> **Instructions to follow**
Although the records contain pictures, none belong in the copy: restate word for word only the lines from the one with "Read online Fightin'" through the one with "2100 maxone_gray_logo.png", both included.

> **Data supplied**

____________________

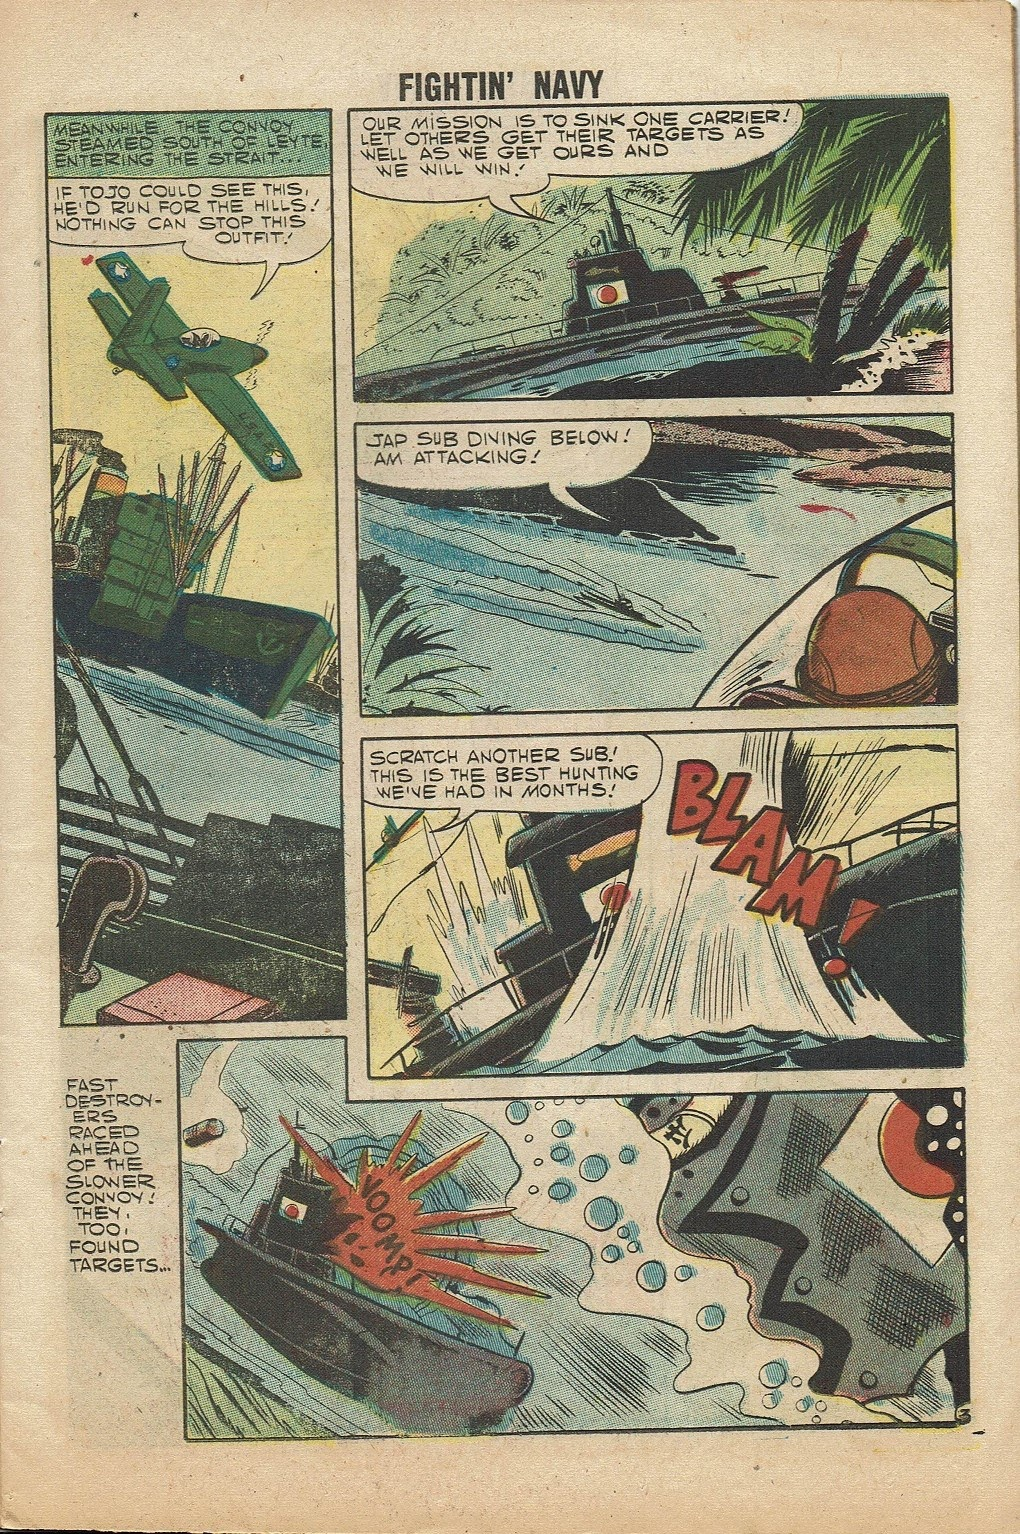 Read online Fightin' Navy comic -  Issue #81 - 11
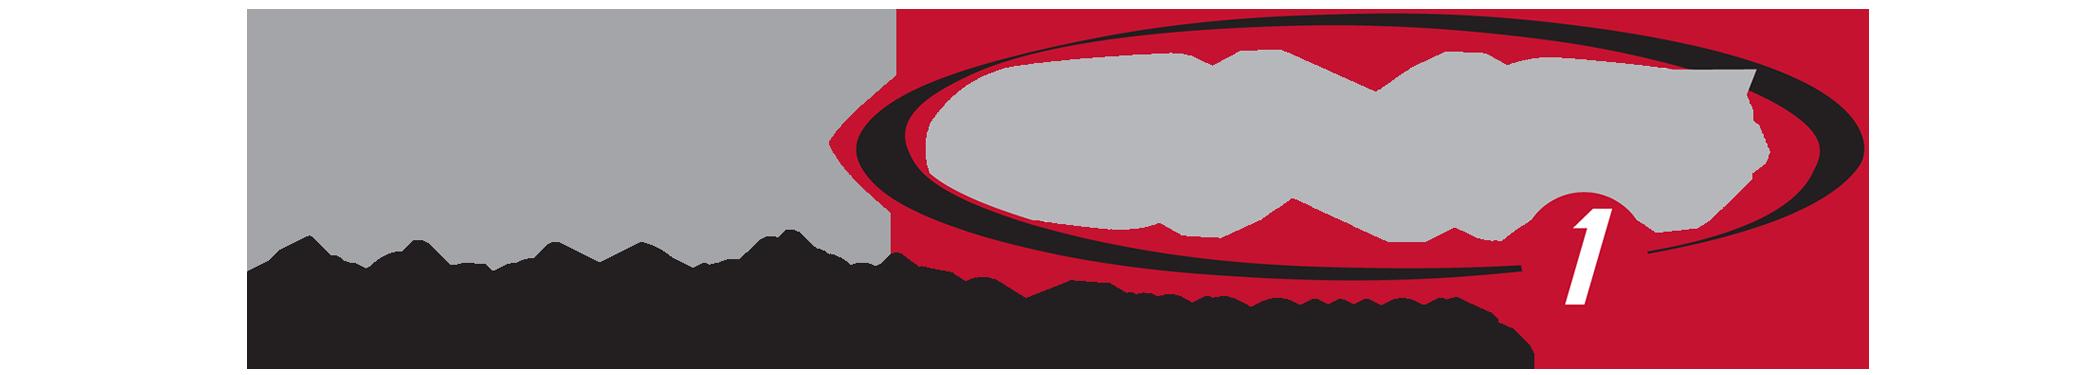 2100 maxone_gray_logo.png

____________________

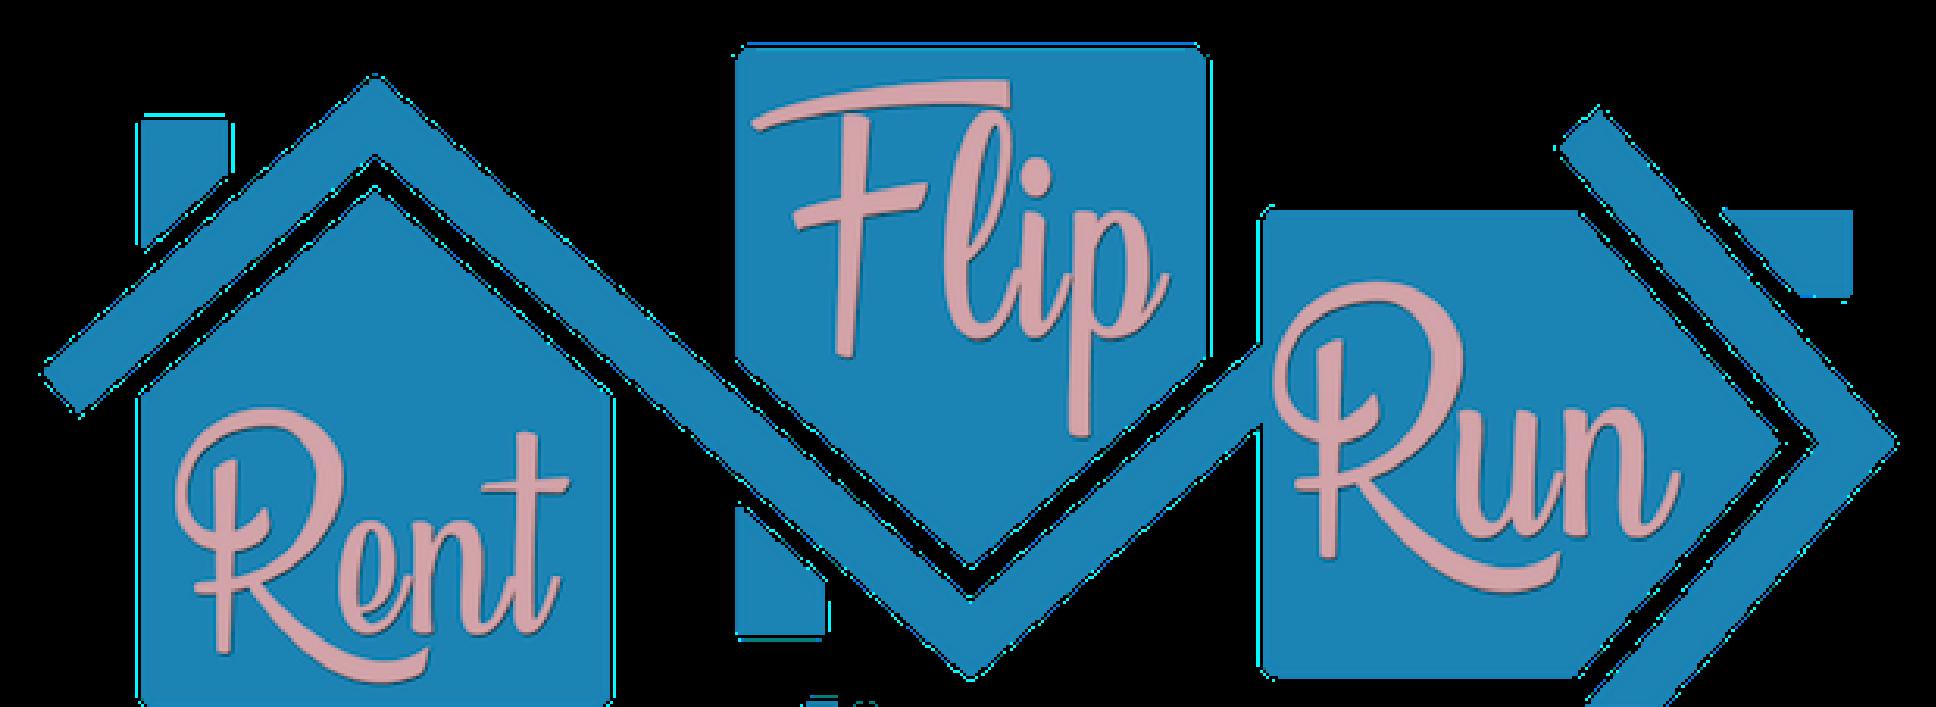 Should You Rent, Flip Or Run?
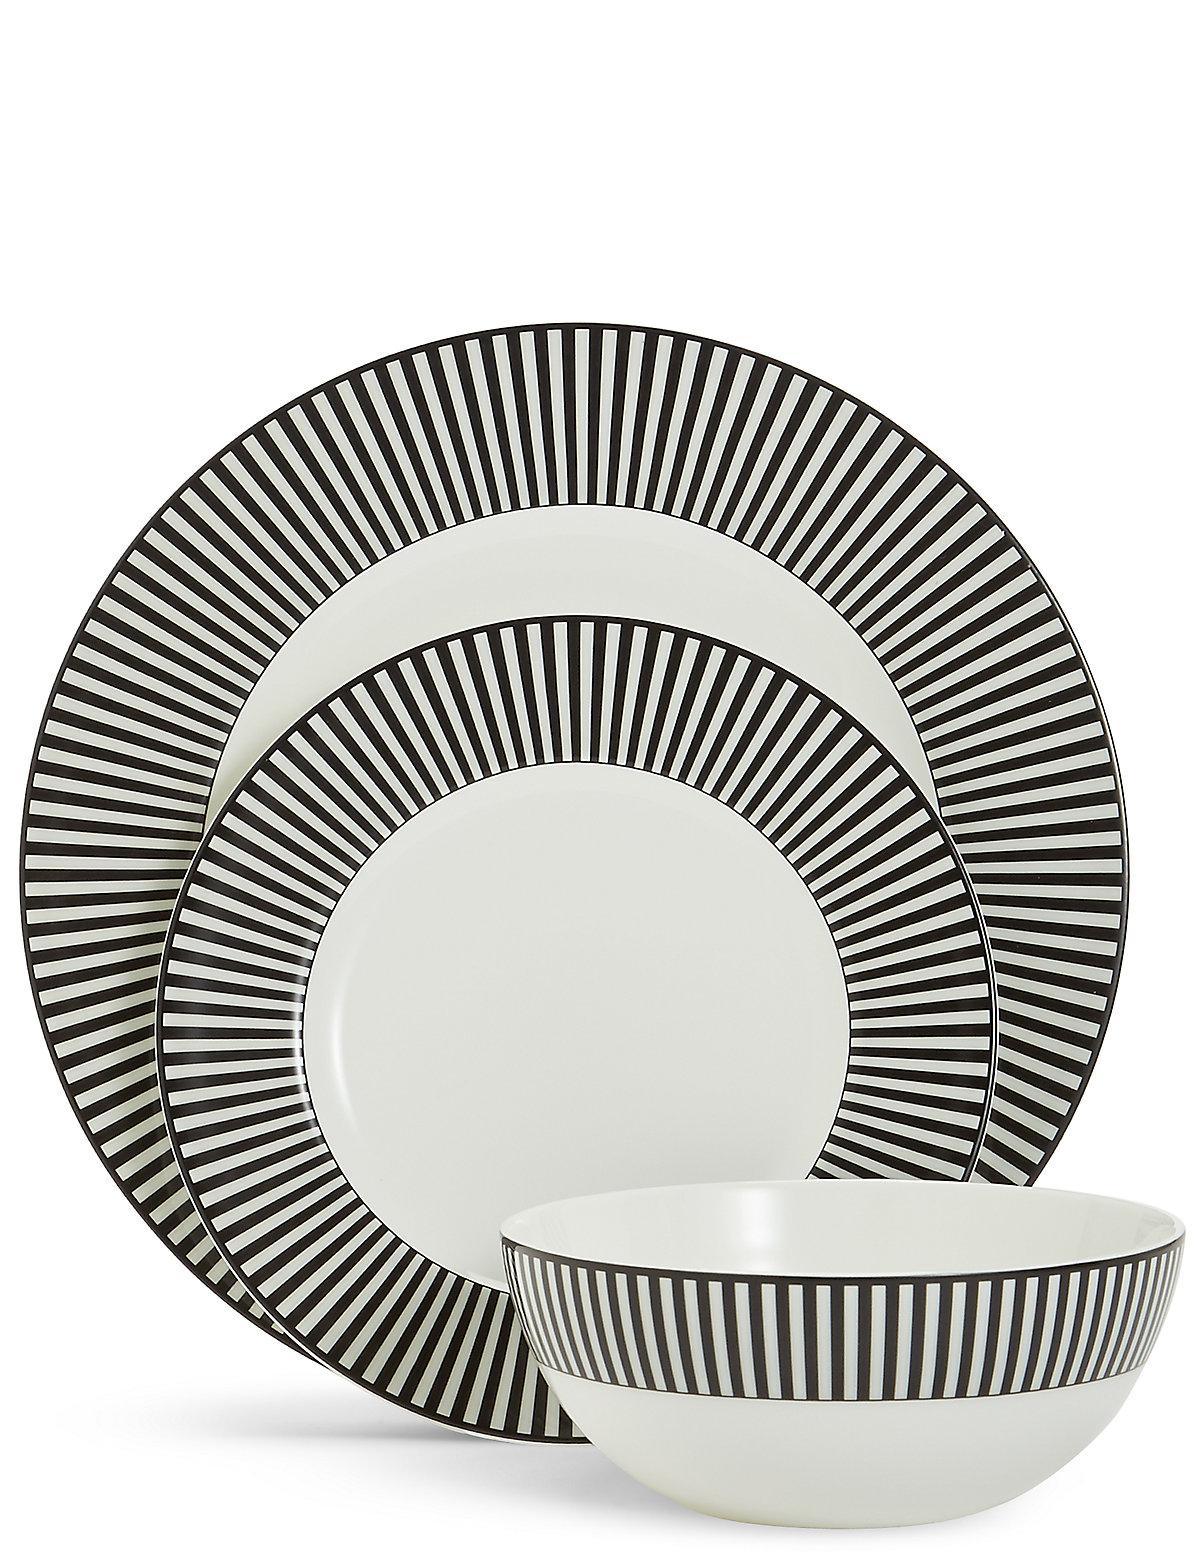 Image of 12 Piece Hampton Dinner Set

____________________

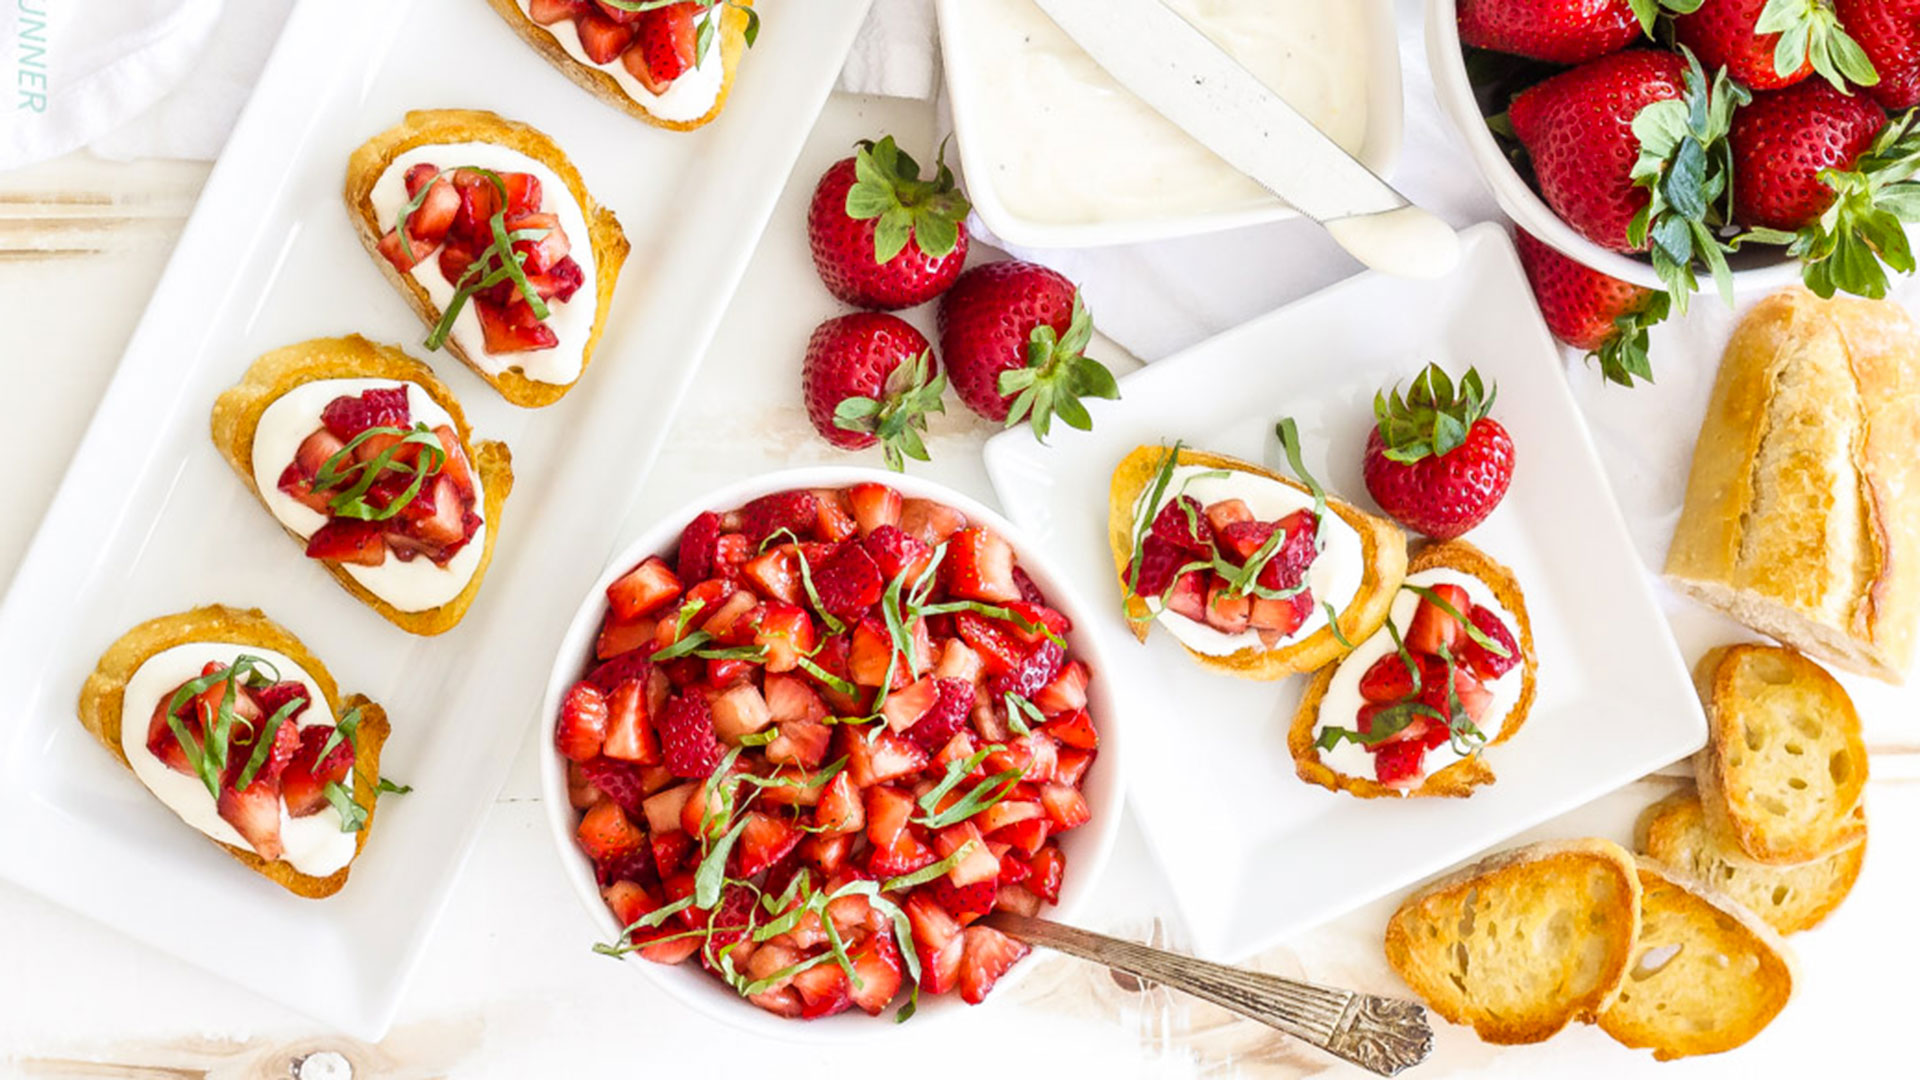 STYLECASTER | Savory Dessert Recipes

____________________

> **Result of this task**
 Read online Fightin' Navy comic -  Issue #81 - 11
 2100 maxone_gray_logo.png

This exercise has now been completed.